Очевидно, такое изобилие предложений вызвано большим спросом, и нельзя не согласиться, что это печальное явление происходит не только от браков, заключённых беспечно, с предвзятою мыслью о лёгкости его расторжения, но и от того, что ряд долгих лет рабства женщины привёл её к браку подневольному и без любви, брак этот часто, действительно, становится непереносным страданием, и надо радоваться, что новое законоположение для таких положений выработает новые, более человеческие правила.
Говорить подробно о разводе меня заставляет то, что женщина должна следить за всеми вопросами, которые выдвигает жизнь, а вопросом о разводе занято теперь всё интеллигентное общество. Женщина, чтущая святость брака, должна всё-таки знать, что приходится перестрадать её, хотя бы и виновной сестре, а те, которые до сих пор смотрели теоретически на расторжение брака как на дело лёгкое, из моих слов ознакомятся со всем ужасом этой процедуры. Главный недочёт нашего женского образования состоит в том, что мы не знаем законов нашей страны и живём в абсолютном неведении как наших гражданских прав, так и наших обязанностей.
Главный недостаток закона по разводу тот, что он до сих пор находился исключительно в ведении духовенства. Развод был да и теперь ещё — ничто другое как сплошная и постыдная комедия, в которой сознательно лгут все: и разводящиеся, и священник, который обязан стараться склонить супругов к примирению, и судьи, выслушивающие обе стороны.

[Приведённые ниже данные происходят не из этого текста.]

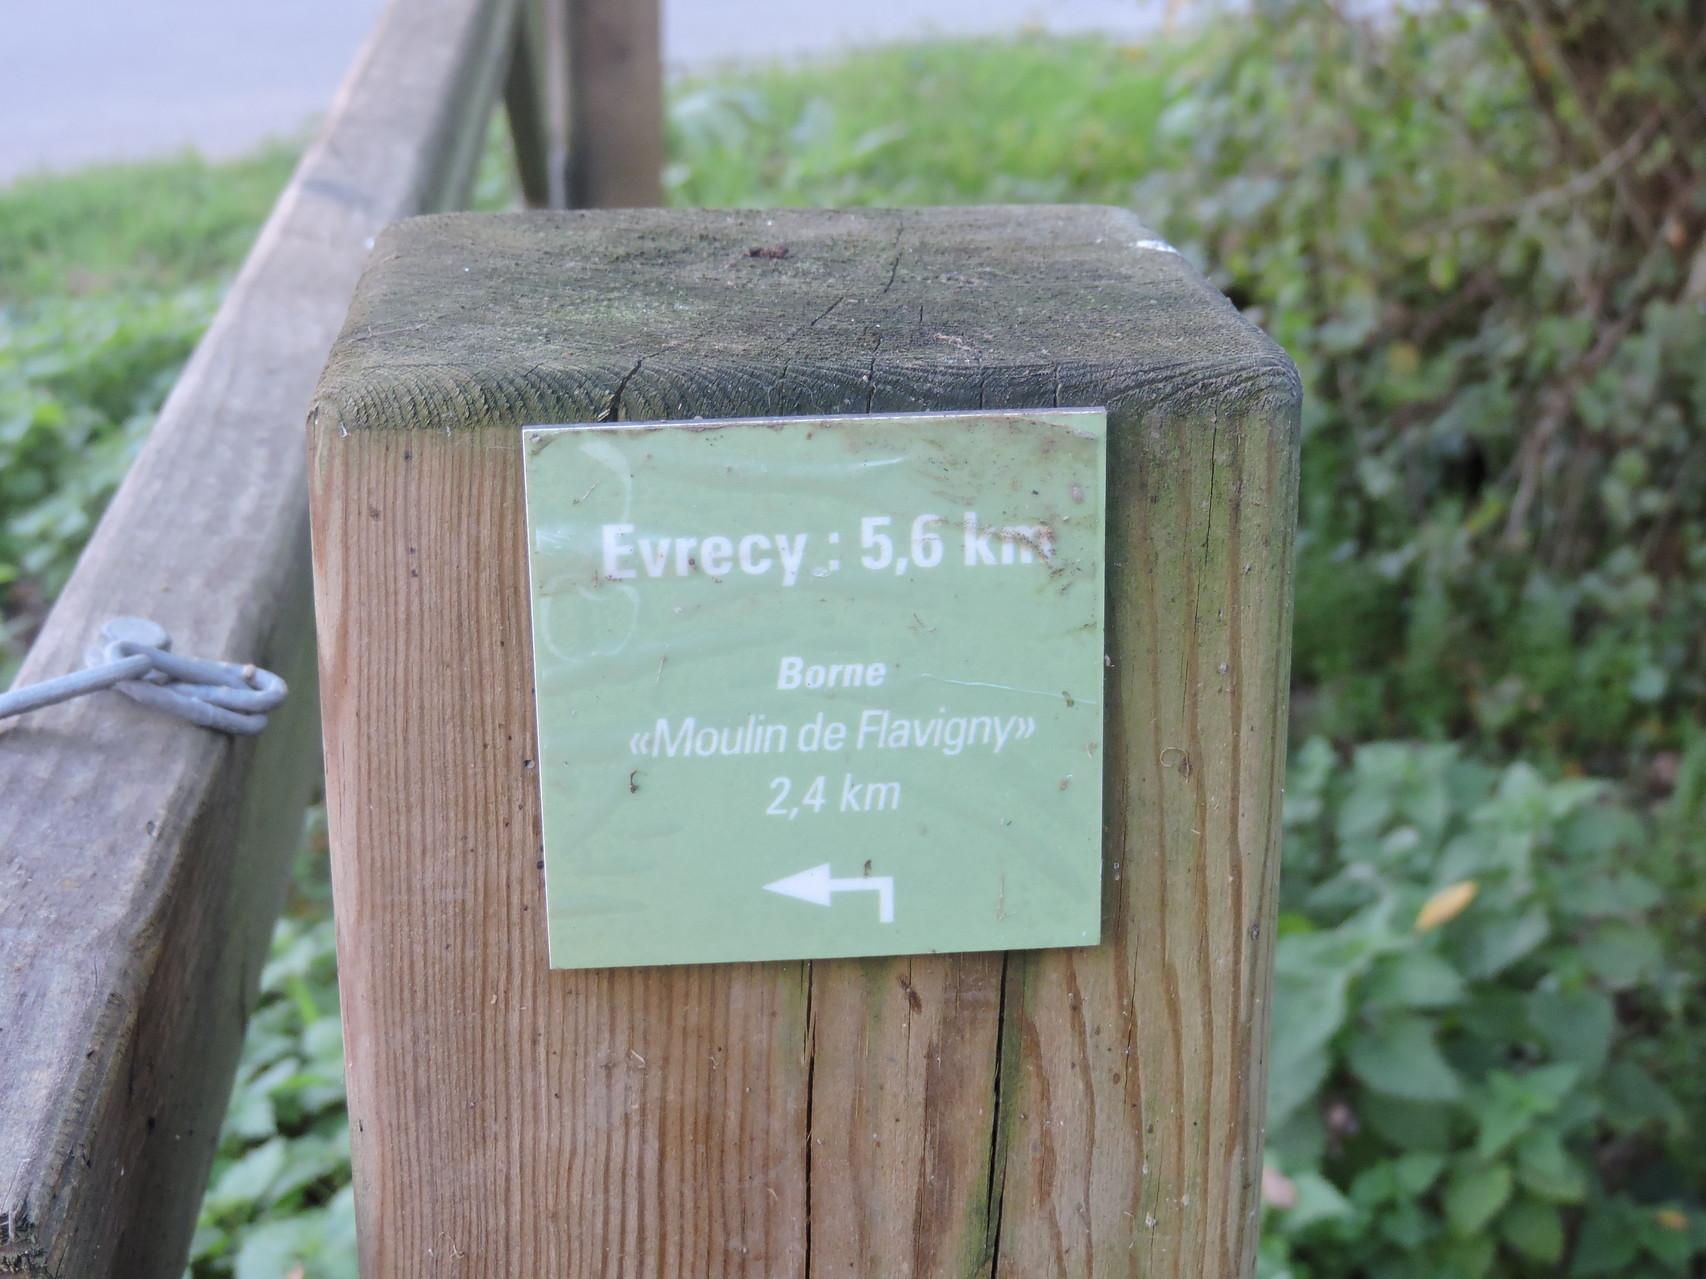 Accès vers Evrecy et Flavigny

Женская стыдливость, женская порядочность оскорбляются самым жестоким образом; во-первых, — и теперь как и прежде развод по иску оскорблённого, основанный на действительно доказанном преступлении — явление исключительное, такие супруги чаще всего желают скрыть свой стыд или своё горе, разъезжаются полюбовно, не затевая скандального процесса; чаще всего развод составляется по обоюдному соглашению, когда одна из сторон желает вступить во второй, новый брак, но так как обоюдное согласие и даже искреннее признание своей неверности ещё недостаточно для развода, то приходится прибегать к свидетельским показаниям, а так как свидетелей такого акта не бывает, то подкупается прислуга, или берутся прямо за деньги подставные свидетели, и если вина падает на женщину, то можно себе представить тот ад стыда, тот омут пошлости, в который погружается её имя.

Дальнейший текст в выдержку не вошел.